Stored data entries:

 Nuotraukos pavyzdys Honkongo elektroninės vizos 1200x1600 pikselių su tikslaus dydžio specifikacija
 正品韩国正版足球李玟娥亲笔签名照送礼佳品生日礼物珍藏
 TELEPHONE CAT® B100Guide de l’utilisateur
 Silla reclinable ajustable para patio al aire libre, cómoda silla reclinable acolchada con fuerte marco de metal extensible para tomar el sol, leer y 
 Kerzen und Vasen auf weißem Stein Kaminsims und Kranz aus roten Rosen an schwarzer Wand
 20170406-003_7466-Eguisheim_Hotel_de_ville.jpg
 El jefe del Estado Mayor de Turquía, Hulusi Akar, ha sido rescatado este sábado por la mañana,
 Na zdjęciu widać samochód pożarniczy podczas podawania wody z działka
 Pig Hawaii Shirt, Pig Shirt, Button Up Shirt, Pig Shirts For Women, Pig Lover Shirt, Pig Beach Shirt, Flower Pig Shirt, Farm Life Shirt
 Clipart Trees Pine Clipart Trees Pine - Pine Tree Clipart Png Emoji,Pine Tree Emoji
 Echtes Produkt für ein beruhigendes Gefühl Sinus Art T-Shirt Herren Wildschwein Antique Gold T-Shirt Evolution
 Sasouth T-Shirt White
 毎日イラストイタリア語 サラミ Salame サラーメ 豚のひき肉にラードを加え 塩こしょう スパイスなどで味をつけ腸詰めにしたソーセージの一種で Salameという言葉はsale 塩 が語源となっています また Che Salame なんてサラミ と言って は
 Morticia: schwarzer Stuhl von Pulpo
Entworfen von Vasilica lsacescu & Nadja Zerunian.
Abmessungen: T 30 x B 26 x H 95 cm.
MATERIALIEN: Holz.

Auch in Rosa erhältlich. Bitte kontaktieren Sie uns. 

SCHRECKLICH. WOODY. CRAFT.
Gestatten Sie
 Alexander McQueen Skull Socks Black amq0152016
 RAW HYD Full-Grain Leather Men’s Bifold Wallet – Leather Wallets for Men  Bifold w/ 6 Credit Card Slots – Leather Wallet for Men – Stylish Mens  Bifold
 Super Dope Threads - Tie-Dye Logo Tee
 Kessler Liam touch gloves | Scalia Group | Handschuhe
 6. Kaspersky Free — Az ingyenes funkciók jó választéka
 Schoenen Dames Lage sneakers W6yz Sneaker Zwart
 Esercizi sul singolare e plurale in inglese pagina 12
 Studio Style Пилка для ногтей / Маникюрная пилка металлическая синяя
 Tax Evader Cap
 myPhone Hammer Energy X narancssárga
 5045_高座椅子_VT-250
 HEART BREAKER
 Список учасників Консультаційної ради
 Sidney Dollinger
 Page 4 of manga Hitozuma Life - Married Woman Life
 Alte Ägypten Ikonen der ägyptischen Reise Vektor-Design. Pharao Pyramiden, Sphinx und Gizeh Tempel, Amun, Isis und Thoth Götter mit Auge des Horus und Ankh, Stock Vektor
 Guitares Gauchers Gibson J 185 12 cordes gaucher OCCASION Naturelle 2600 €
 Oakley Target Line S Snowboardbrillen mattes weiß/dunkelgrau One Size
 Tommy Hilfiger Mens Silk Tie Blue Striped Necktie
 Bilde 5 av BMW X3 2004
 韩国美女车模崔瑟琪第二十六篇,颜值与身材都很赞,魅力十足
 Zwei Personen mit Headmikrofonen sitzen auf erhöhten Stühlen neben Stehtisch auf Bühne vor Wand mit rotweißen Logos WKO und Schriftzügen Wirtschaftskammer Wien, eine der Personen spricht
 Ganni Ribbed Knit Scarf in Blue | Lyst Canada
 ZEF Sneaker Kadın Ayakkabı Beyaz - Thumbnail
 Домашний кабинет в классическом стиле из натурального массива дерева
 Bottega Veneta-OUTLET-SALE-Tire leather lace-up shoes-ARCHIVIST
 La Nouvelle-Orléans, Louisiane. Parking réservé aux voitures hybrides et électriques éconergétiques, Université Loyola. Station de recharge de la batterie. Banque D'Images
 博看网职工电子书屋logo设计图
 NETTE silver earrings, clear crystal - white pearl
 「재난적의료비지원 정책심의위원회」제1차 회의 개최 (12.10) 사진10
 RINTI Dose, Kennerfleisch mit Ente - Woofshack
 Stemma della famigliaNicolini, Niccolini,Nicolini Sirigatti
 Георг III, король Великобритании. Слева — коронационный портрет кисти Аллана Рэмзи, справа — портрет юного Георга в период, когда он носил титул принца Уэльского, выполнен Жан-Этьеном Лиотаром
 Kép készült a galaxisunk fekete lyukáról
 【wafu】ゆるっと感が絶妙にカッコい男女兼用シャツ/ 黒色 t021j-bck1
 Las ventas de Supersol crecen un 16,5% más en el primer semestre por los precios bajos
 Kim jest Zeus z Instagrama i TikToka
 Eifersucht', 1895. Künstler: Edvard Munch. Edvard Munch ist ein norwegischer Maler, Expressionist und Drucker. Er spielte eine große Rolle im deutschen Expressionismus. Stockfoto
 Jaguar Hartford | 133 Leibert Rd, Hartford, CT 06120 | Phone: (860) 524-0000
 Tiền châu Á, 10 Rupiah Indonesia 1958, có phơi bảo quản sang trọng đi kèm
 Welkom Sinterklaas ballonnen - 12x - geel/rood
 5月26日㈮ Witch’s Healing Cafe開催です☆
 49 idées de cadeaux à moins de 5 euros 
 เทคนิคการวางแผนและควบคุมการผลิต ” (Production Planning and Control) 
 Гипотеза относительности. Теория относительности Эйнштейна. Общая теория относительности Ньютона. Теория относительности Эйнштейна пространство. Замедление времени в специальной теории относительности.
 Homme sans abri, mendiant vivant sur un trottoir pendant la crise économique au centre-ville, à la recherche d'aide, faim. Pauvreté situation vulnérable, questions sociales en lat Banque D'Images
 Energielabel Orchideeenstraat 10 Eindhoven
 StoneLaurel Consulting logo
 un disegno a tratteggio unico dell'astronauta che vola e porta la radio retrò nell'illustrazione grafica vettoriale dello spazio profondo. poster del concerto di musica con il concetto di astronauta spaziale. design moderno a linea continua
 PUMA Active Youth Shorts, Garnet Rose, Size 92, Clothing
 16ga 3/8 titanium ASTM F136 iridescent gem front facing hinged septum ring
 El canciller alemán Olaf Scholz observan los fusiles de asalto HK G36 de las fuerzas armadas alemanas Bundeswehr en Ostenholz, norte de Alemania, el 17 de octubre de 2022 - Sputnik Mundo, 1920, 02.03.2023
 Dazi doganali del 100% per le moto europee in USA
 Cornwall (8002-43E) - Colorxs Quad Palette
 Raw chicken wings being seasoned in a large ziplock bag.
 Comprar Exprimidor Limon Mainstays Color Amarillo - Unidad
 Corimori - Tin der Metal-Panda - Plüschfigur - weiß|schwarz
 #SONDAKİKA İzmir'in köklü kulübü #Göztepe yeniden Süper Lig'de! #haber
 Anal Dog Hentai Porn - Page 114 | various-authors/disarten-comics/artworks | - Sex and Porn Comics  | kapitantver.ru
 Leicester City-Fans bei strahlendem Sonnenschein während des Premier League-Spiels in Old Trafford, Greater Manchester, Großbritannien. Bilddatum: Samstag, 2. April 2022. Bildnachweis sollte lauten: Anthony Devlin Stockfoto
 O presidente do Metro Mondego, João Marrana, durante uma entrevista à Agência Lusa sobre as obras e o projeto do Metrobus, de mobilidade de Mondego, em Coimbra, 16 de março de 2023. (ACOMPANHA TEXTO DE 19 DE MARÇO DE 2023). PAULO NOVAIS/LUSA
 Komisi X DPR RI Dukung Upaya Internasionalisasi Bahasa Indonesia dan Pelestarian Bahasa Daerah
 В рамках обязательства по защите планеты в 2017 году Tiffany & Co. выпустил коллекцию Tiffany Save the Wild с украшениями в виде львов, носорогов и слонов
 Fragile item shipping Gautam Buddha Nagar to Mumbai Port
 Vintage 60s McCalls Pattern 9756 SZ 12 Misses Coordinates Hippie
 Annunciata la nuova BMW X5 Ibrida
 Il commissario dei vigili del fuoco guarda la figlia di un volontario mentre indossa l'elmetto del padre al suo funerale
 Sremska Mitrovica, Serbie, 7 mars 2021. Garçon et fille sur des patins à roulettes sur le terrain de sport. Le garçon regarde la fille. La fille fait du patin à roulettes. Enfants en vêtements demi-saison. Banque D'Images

WORK TO BE COMPLETED:
Nothing but the lines from the top of the records down to the line with "TELEPHONE CAT® B100Guide de l’utilisateur" belongs in the answer; repeat them exactly.

PROBLEM SOLUTION:
 Nuotraukos pavyzdys Honkongo elektroninės vizos 1200x1600 pikselių su tikslaus dydžio specifikacija
 正品韩国正版足球李玟娥亲笔签名照送礼佳品生日礼物珍藏
 TELEPHONE CAT® B100Guide de l’utilisateur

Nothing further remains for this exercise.